To do – Give the data again exactly as it appears, excluding any pictures.

Dataset content –
***
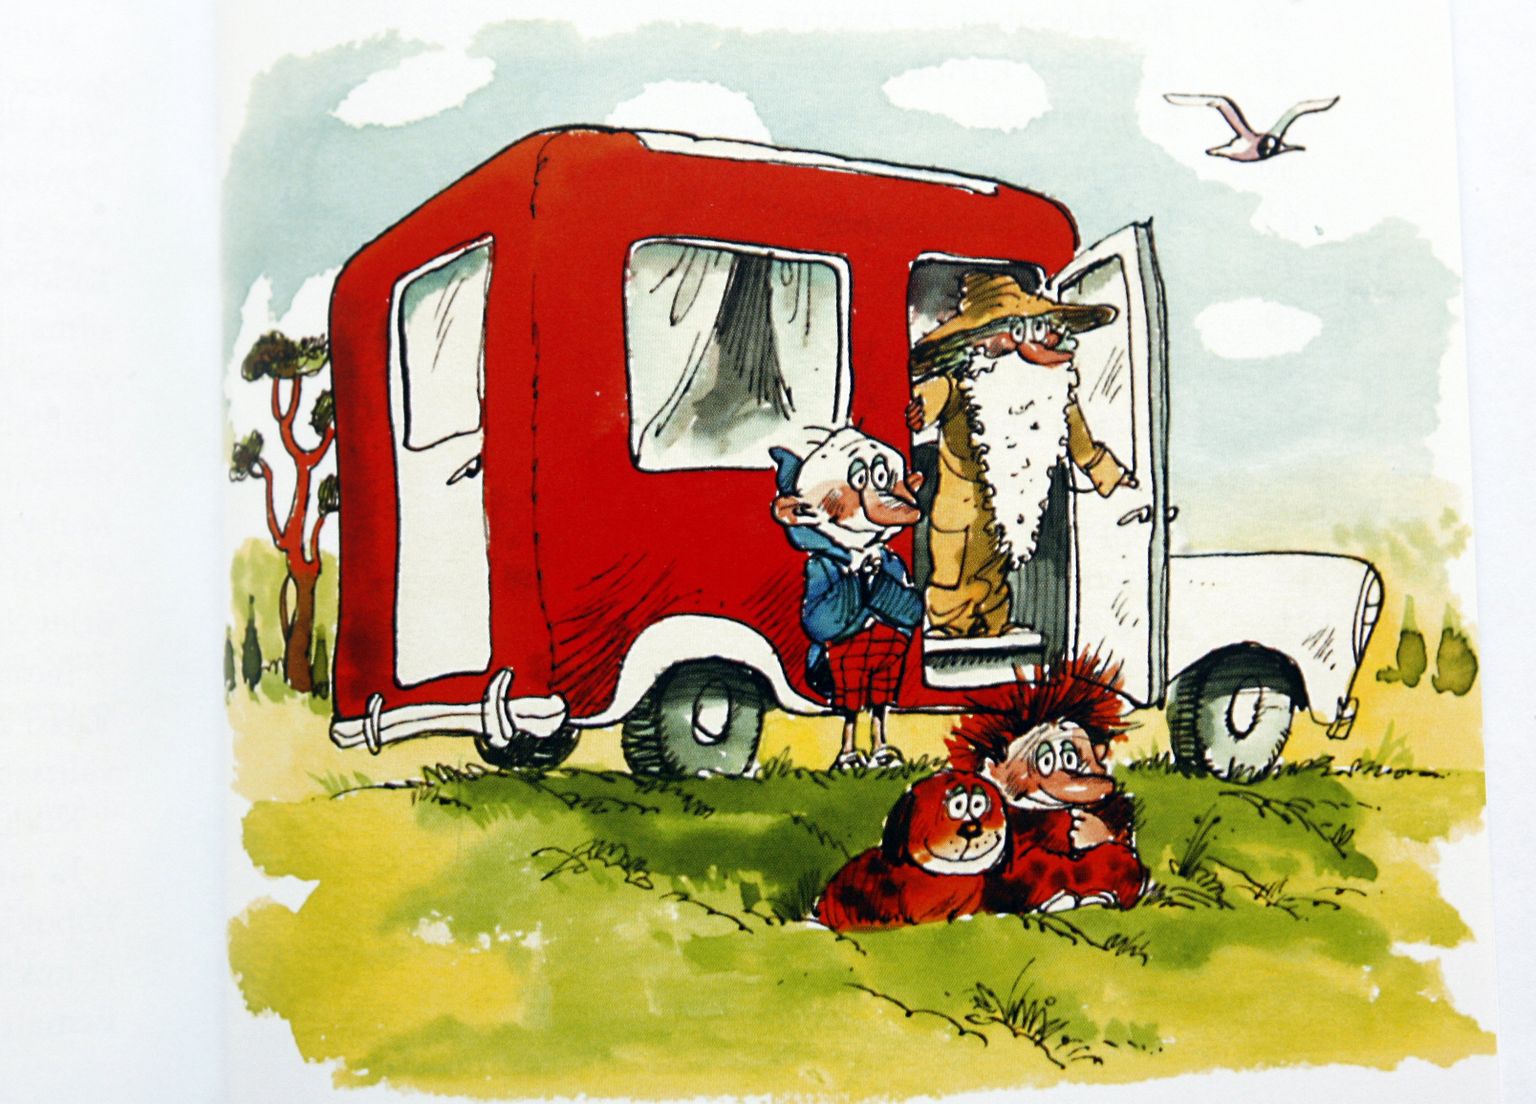 Eno Raua lasteraamatu "Naksitrallid" motiividel. Kolm naksitralli Sammalhabe, Kingpool ja Muhv saavad sõpradeks ning rändavad punase furgoonautoga mööda suviseid radu.
​
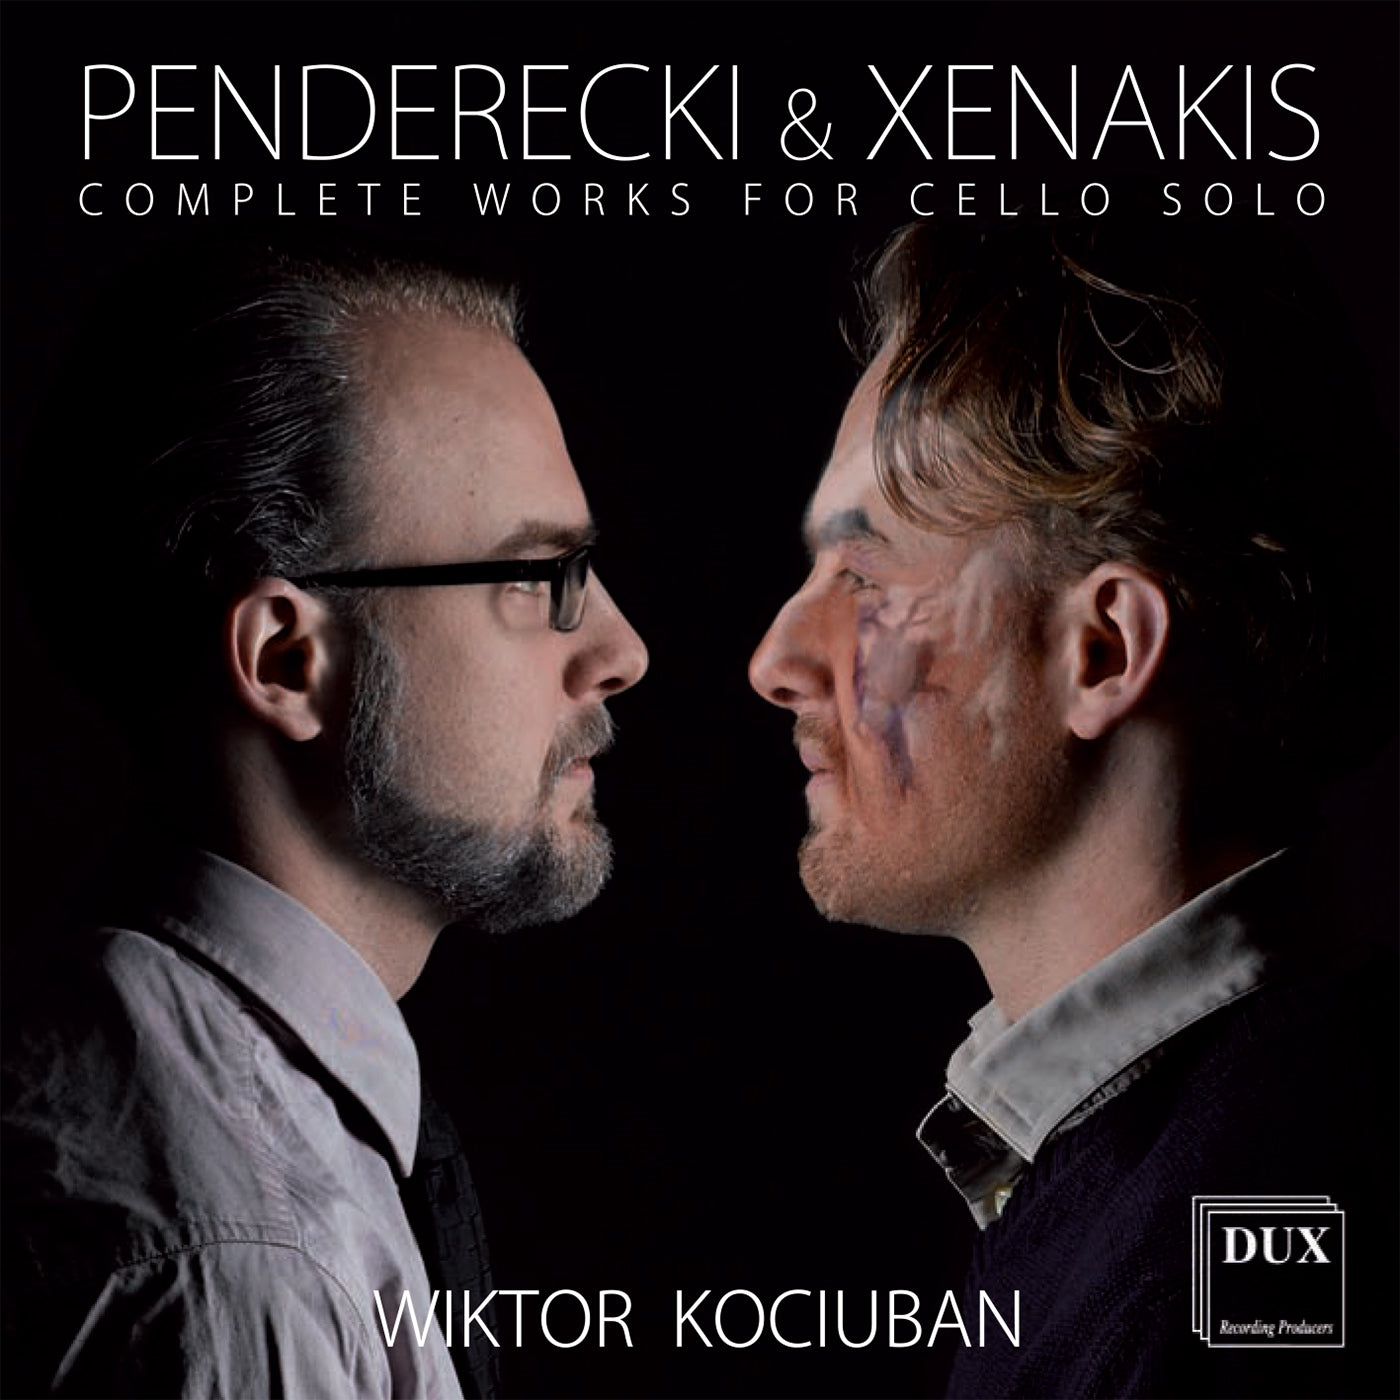 Penderecki & Xenakis: Complete Works For Cello Solo  Wiktor Kociuban - Cello
***
Answer to this task –
 Eno Raua lasteraamatu "Naksitrallid" motiividel. Kolm naksitralli Sammalhabe, Kingpool ja Muhv saavad sõpradeks ning rändavad punase furgoonautoga mööda suviseid radu.
​
 Penderecki & Xenakis: Complete Works For Cello Solo  Wiktor Kociuban - Cello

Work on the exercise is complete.